Plainly, the language of the mortgage herein is broad enough to convey the intention of the insured, and to establish his and the Equitable's agreement that in the event of his death, for the Equitable to utilize the proceeds of the policy for the payment of the latter's debt before resorting to the enforcement of the mortgage on the real estate. And the designated beneficiary is bound thereby even as against the insured's estate. This theory is authorized and sustained by the language of the mortgage and is in harmony with the provisions of the policy and the insured's assignment of it to the Equitable.
This conclusion is not in conflict with section 655, Ky.

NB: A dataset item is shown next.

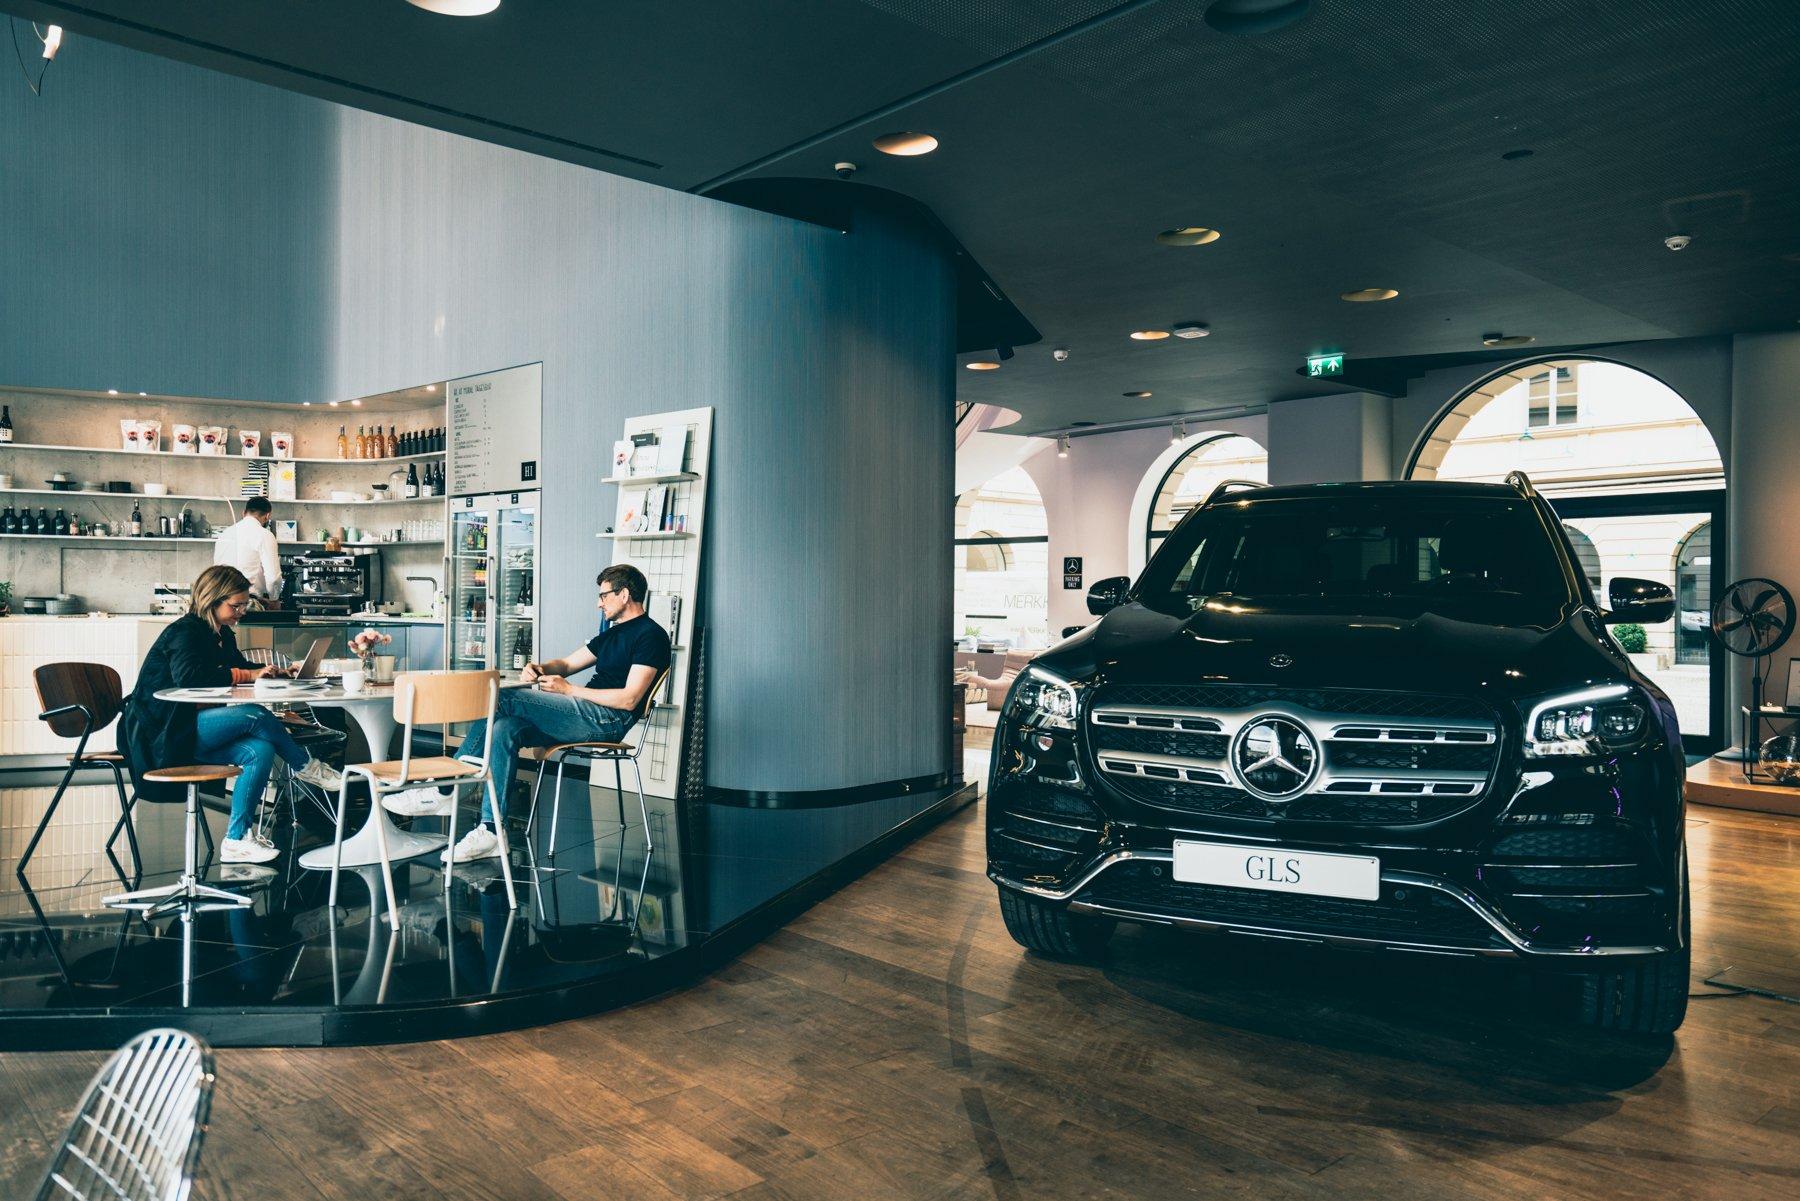 Geheimtippmuenchen Mercedesbenzshowroom 01218 – ©wunderland media GmbH

Stats., for it is not susceptible of the construction as intending to forbid or prohibit the insured from executing an instrument broad enough to defeat, at his death, the beneficiary, nor deprive him of the power of directing the proceeds of the policy first to be applied by a pledgee to the payment of the debt before resorting to the enforcement of a mortgage executed and delivered by the insured as "additional security."
The act of the Equitable in applying the proceeds of the policy to the payment of the note, a sum equal to the proceeds of the policy, was in accordance with the authority expressly conferred on the Equitable by the language of the mortgage, as well as carrying out the express purpose of the insured, manifested by the assignment of the policy, considered in consideration with provisions of the mortgage.
The judgment of the chancellor not being in harmony herewith, it is reversed for proceedings consistent with this opinion.